In this paper, we presented a software firm location prediction model using Poisson regression and OSM data. We used a comprehensive dataset of three million street-level geocoded firm observations to explore the location pattern of software firms in an Exploratory Spatial Data Analysis (ESDA). Then, we used a variety of predictor variables to assess spatial factors that influence the location process of software firms. Our study shows that OSM can be used to construct location factors which are suitable for an encompassing microgeographic firm location analysis. Its coverage, completeness, and degree of detail makes OSM a promising yet underused data source in the context of firm location analysis and geographic economic analysis in general, also because the data are easy to obtain for many parts of the world. We also highlighted further application opportunities for OSM and other VGI data (e.g., geocoded data from social network sites) in this context. Our research questions defined in the introductory section can be answered as follows.

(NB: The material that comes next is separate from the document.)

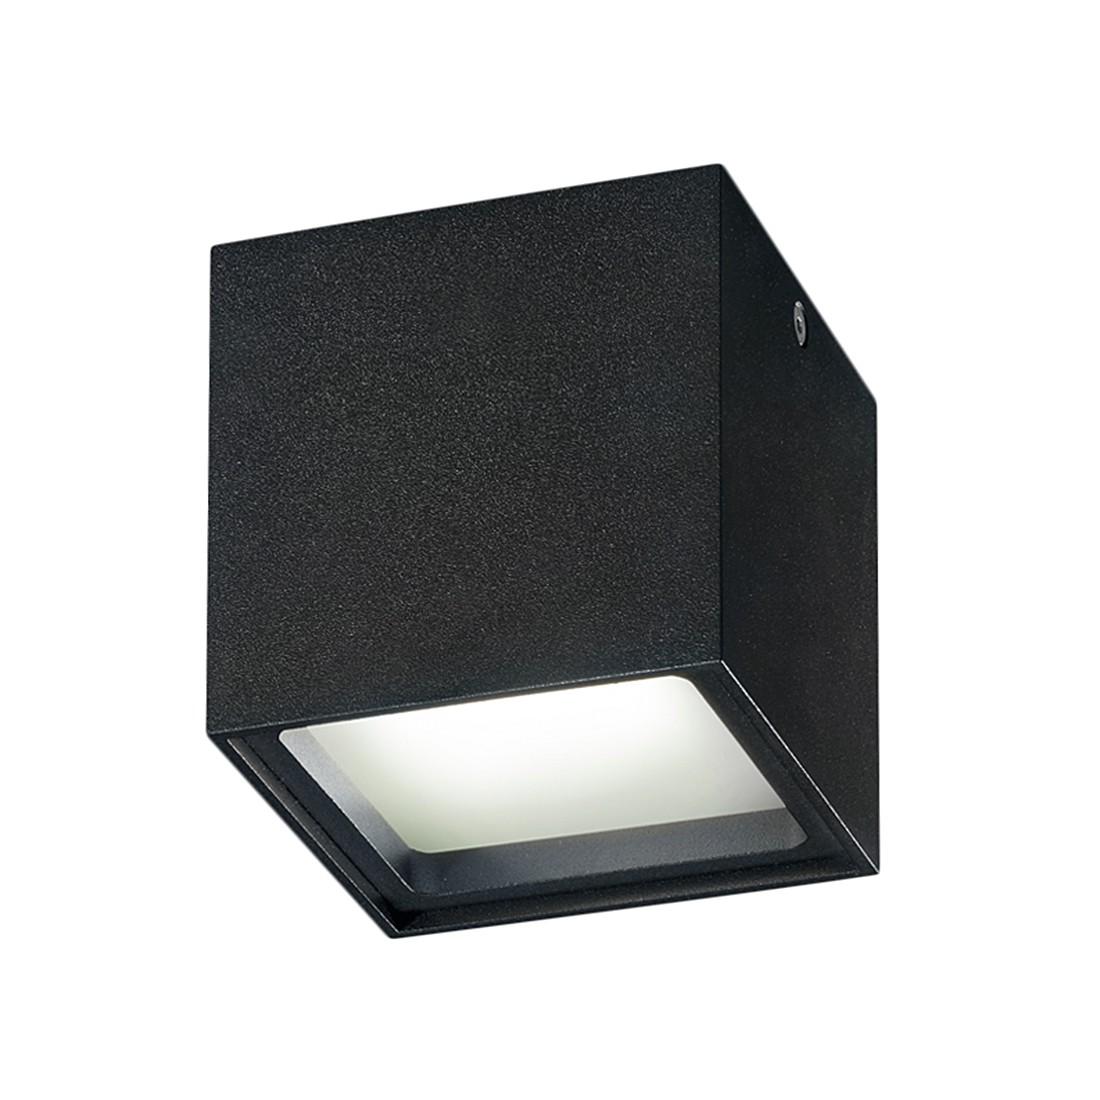 deckenleuchte siri led metall schwarz helestra a online. Black Bedroom Furniture Sets. Home Design Ideas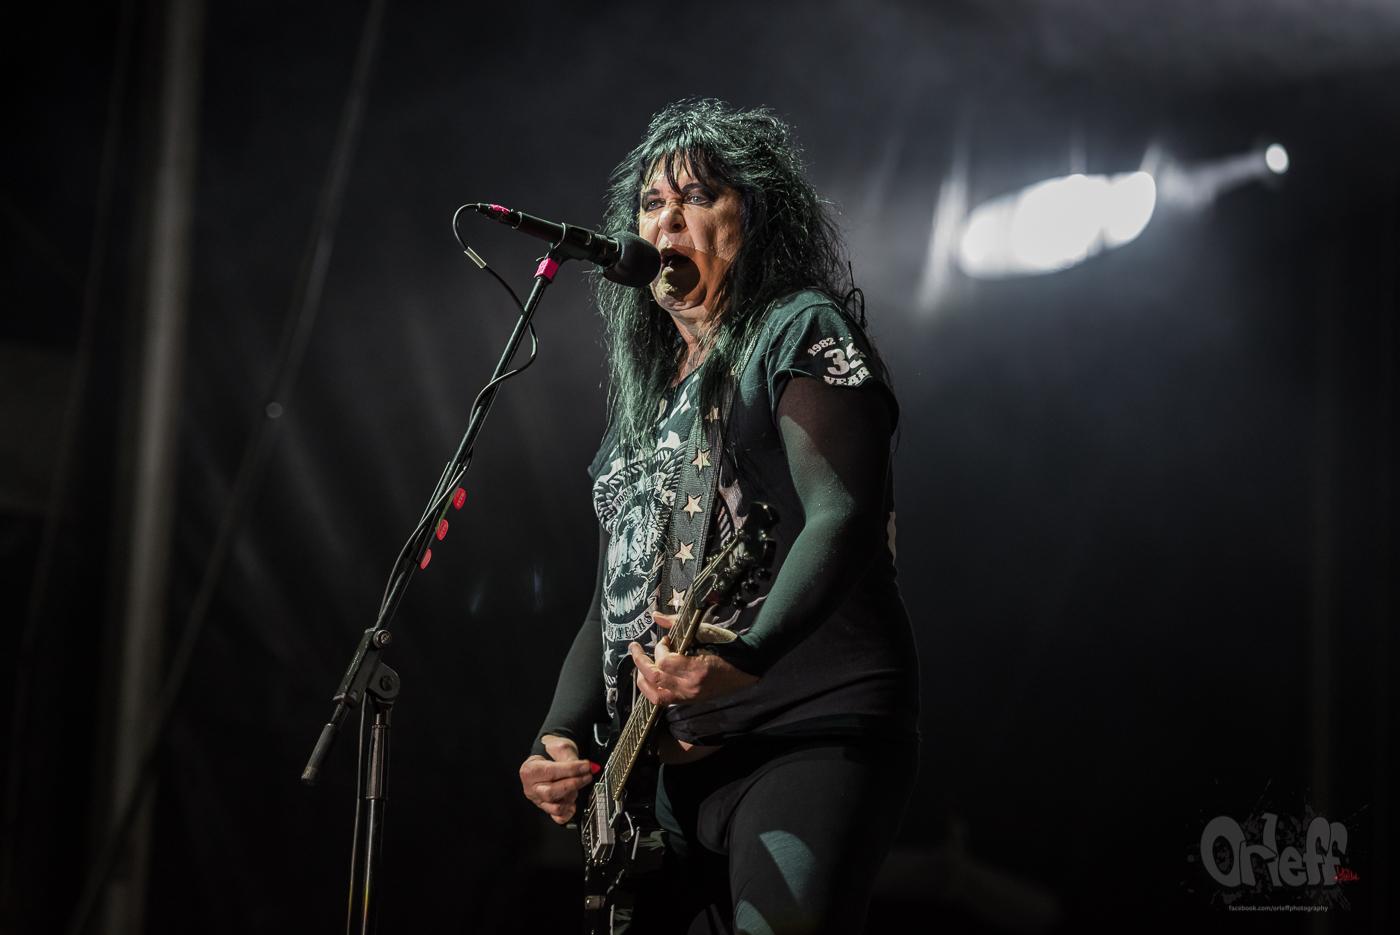 W.A.S.P. @ Varna Rock Fest, 2019

#### 6.1. RS1: Scale-Robust Location Factors

We found that the microgeographic level of analysis provides new insights into the firm allocation process, but also that most location factors are scale robust. That is, our findings with respect to location factor effects are in line with prior research using aggregated spatial units. However, for a thorough understanding of MAUP scaling effects on location factor-firm correlations, our encompassing regression specification should be applied to different levels of geographic aggregation. Such an analysis could also investigate whether some location factors are more scale sensitive than others and whether the chosen operationalization approach alters the estimated effect of the location factors (e.g., “proximity to universities” could be measured by a binary variable, a count variable, or a continuous distance variable; recent research indicates that distance-based methods may be scale-robust [89,90,91]).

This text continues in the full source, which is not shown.